As readers of this blog will know by now, I am a passionate supporter of reducing business rates for small firms in Wales.

In devolution terms, it is the only real financial instrument available to the Welsh Assembly Government and whilst it does not have power to reduce corporation tax, it does have responsibility for business rates which affects every single business in our economy.

Therefore, at a time when analysts predict that Wales is one of the UK regions that will take longest to come out recession, why do we have the grotesque spectacle of ministers within our Assembly Government announcing that business rates will be raised by a minimum of five per cent in April?

Why does the Assembly Government, which has the power to do things differently, meekly follow the line of the UK Government at a time when every pound saved is critical to the survival of businesses throughout this nation?

This would have been expected from those Labour politicians who penalised thousands of small firms across North Wales when they abolished the rural rate relief scheme before the last Assembly election.

However, there can be no excuse for their coalition partners Plaid Cymru who made the reduction of business rates the central plank of the radical but realistic economic manifesto written by Dafydd Wigley.

Sadly, that manifesto commitment, like the promises to establish a Welsh language newspaper and support student top up fees, has been sacrificed on the altar of political power to the extent that there is no visible difference between the policies of this coalition government and the last Labour administration.

Even if they cannot fulfil their election promise to radically reduce business rates across Wales, then nationalist ministers could at least lobby their cabinet colleagues to stop the 5 per cent increase which will disproportionately affect small businesses in every community across the land.

However, given their track record to date, it seems unlikely that their political partners will listen.

There is not a week that goes by when the Assembly Government claims that it has listened to businesses at the various economic summits held up and down the land over the last five months. Yet how many of the small businesses at the heart of every community in North Wales, such as the local greengrocer, butcher, shopkeeper, baker or pub owner, will actually benefit from any of the grand schemes announced?

The Assembly Government would argue that it introduced a £7 million rate relief scheme last autumn to help small firms in Wales. Yet, compare this sum to the £48 million which will be handed to large manufacturing companies across Wales under the ProAct scheme.

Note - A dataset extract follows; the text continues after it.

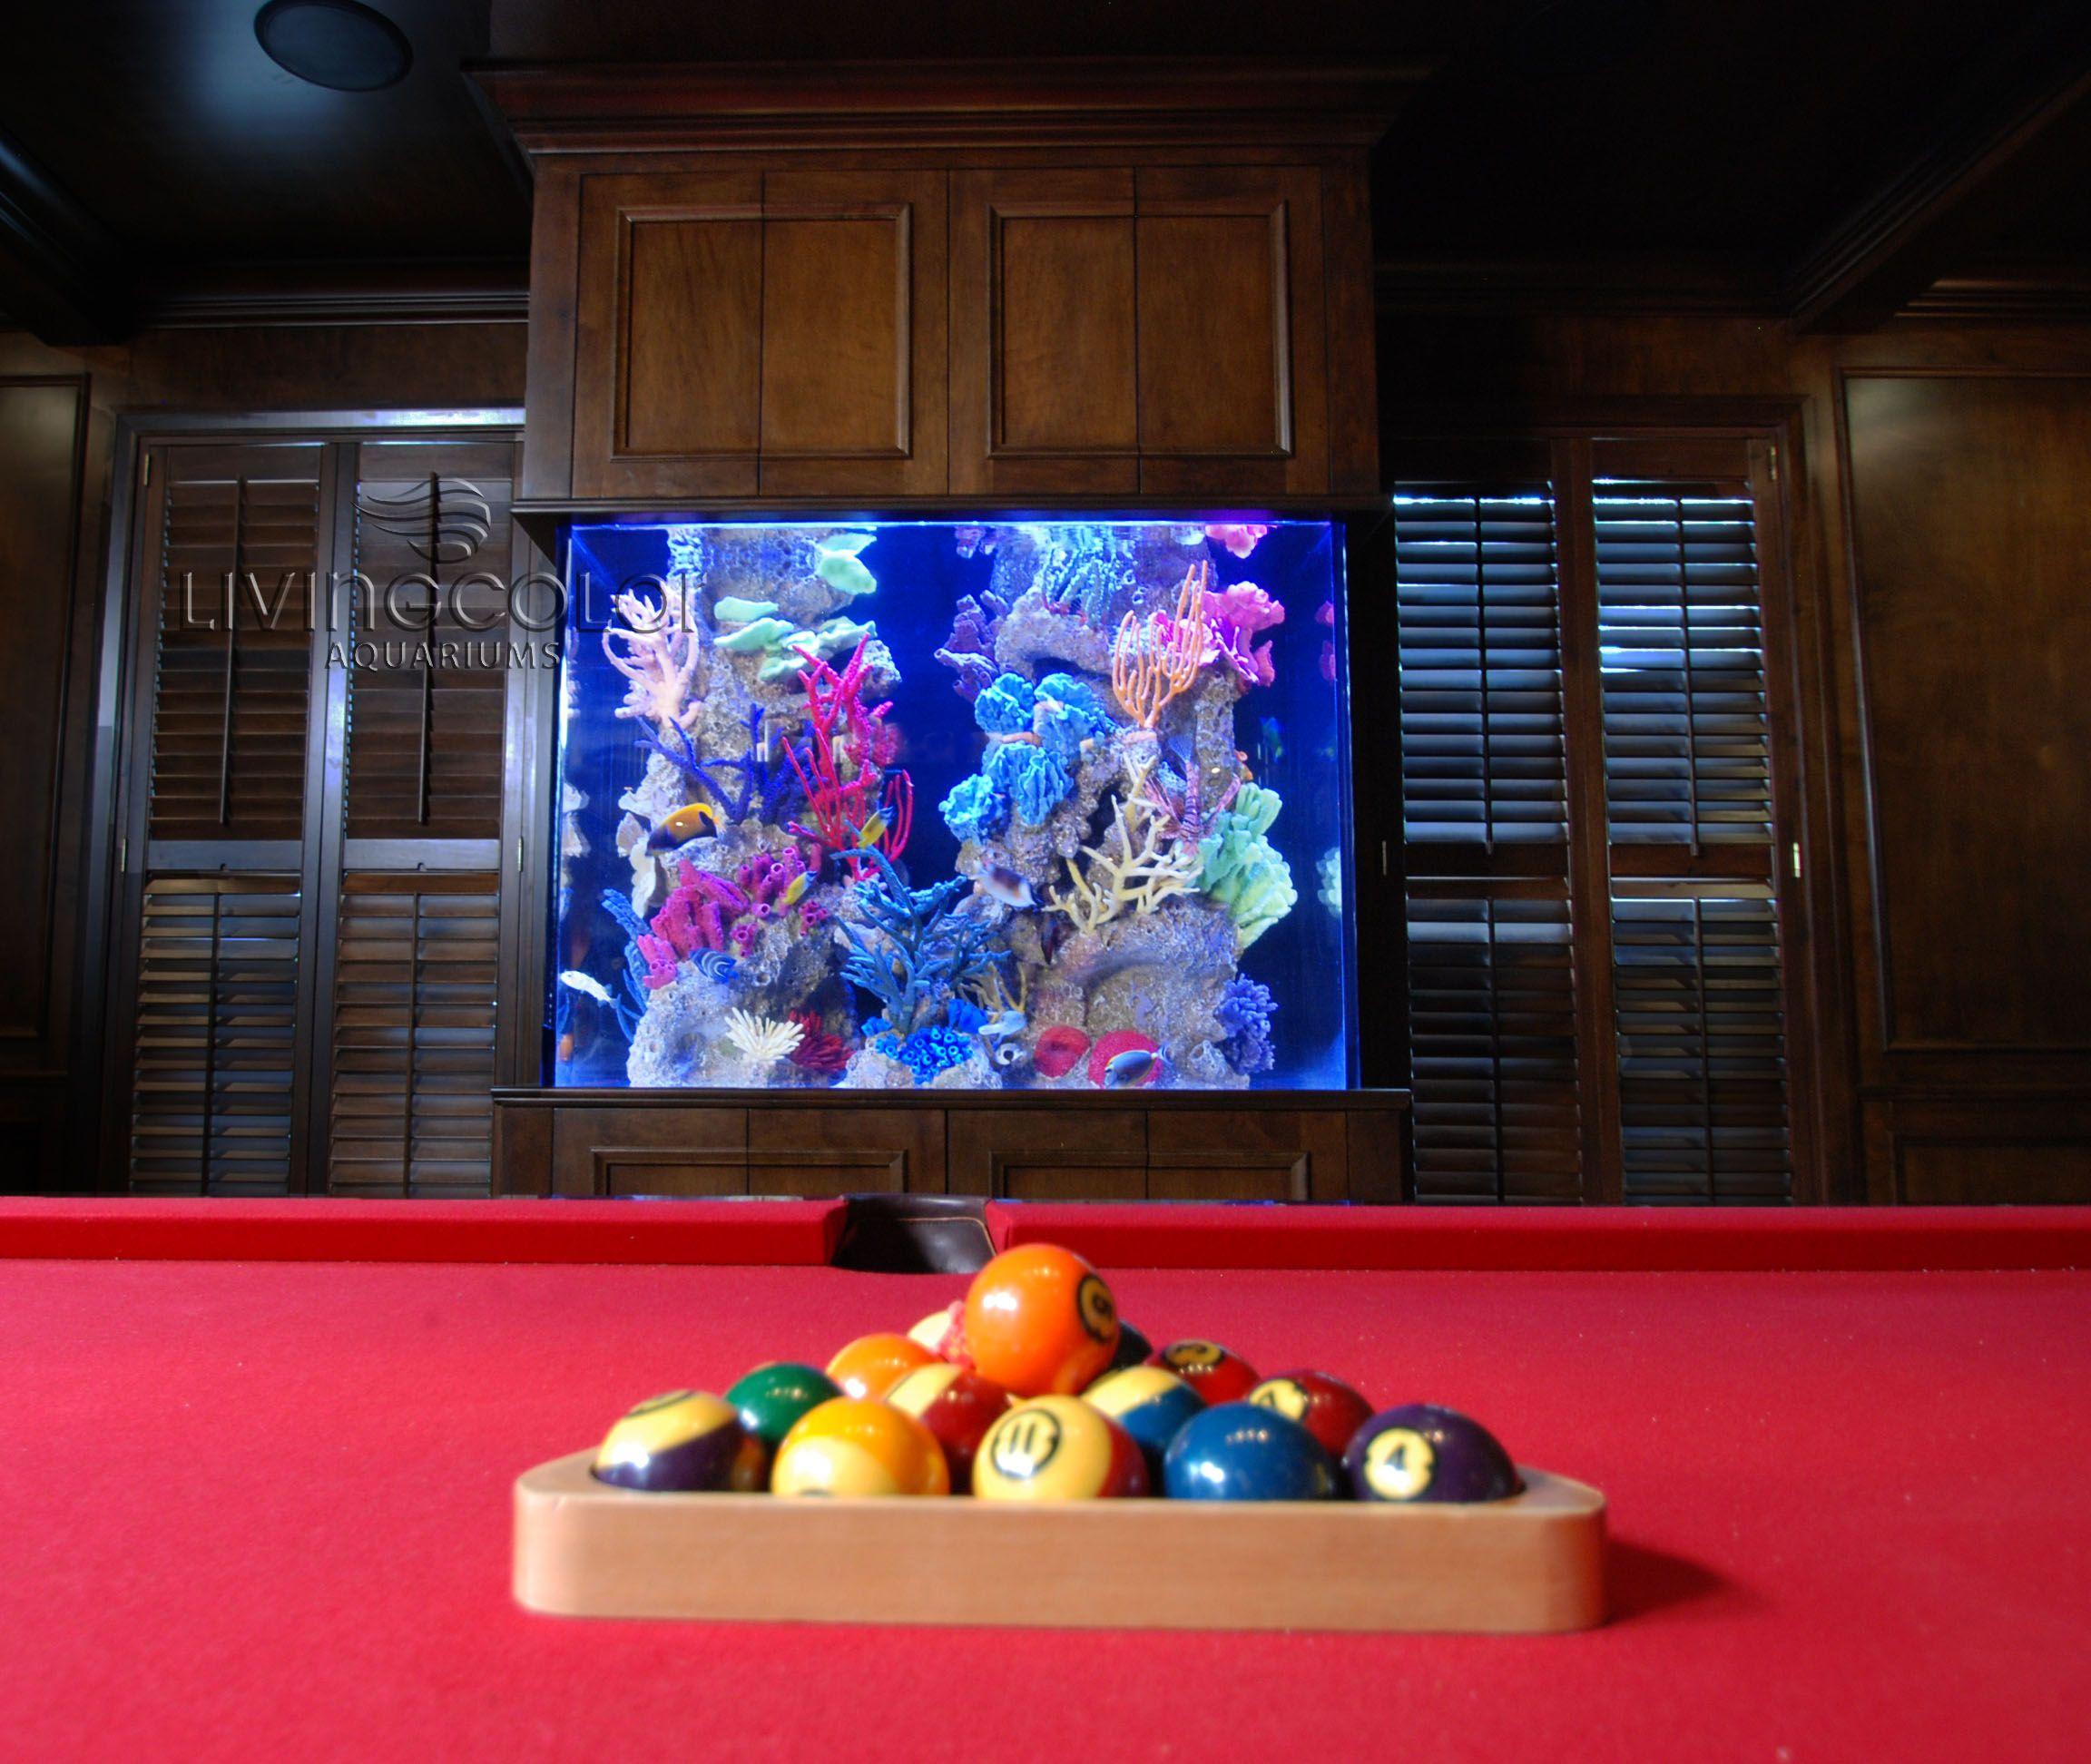 Fish tank acrylic - Custom Aquarium Living Color Acrylic Tank Manufacturing

Worse still, think of the £290 million that is spent on the bloated bureaucracy that makes up our so-called business support sector in Wales, a sector that has been reorganised so often and given so many different names that many businesses are clueless about what can be done to help them.

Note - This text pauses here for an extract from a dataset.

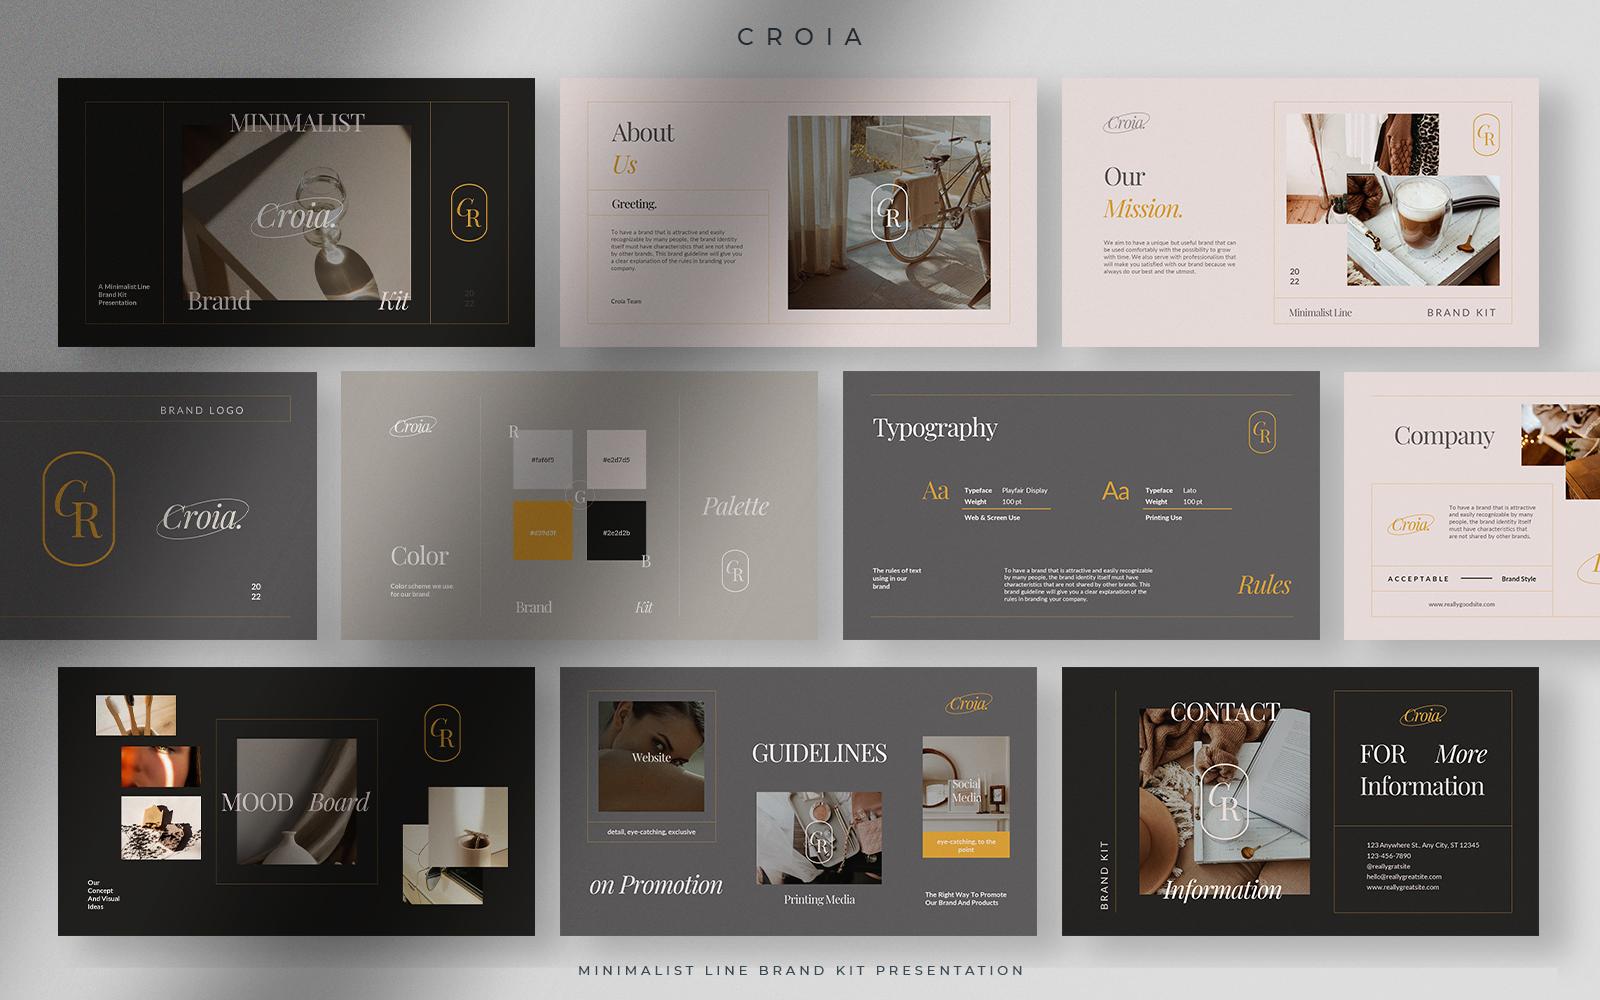 Croía - Gray Sand Minimalist Line Brand Kit Presentation

Perhaps, as a prominent businessperson said to me last week, the time has come to give a large part of the hundreds of millions spent on business support directly to businesses through cutting their rates. At least they could then choose how to spend their own money in developing their business.

Those of us who support devolution do so partly because it gives us the opportunity to have different policies to those across the border. Wales, with a larger proportion of smaller businesses than England, should focus its economic policies on directly supporting its small firm sector at a time when it needs it the most.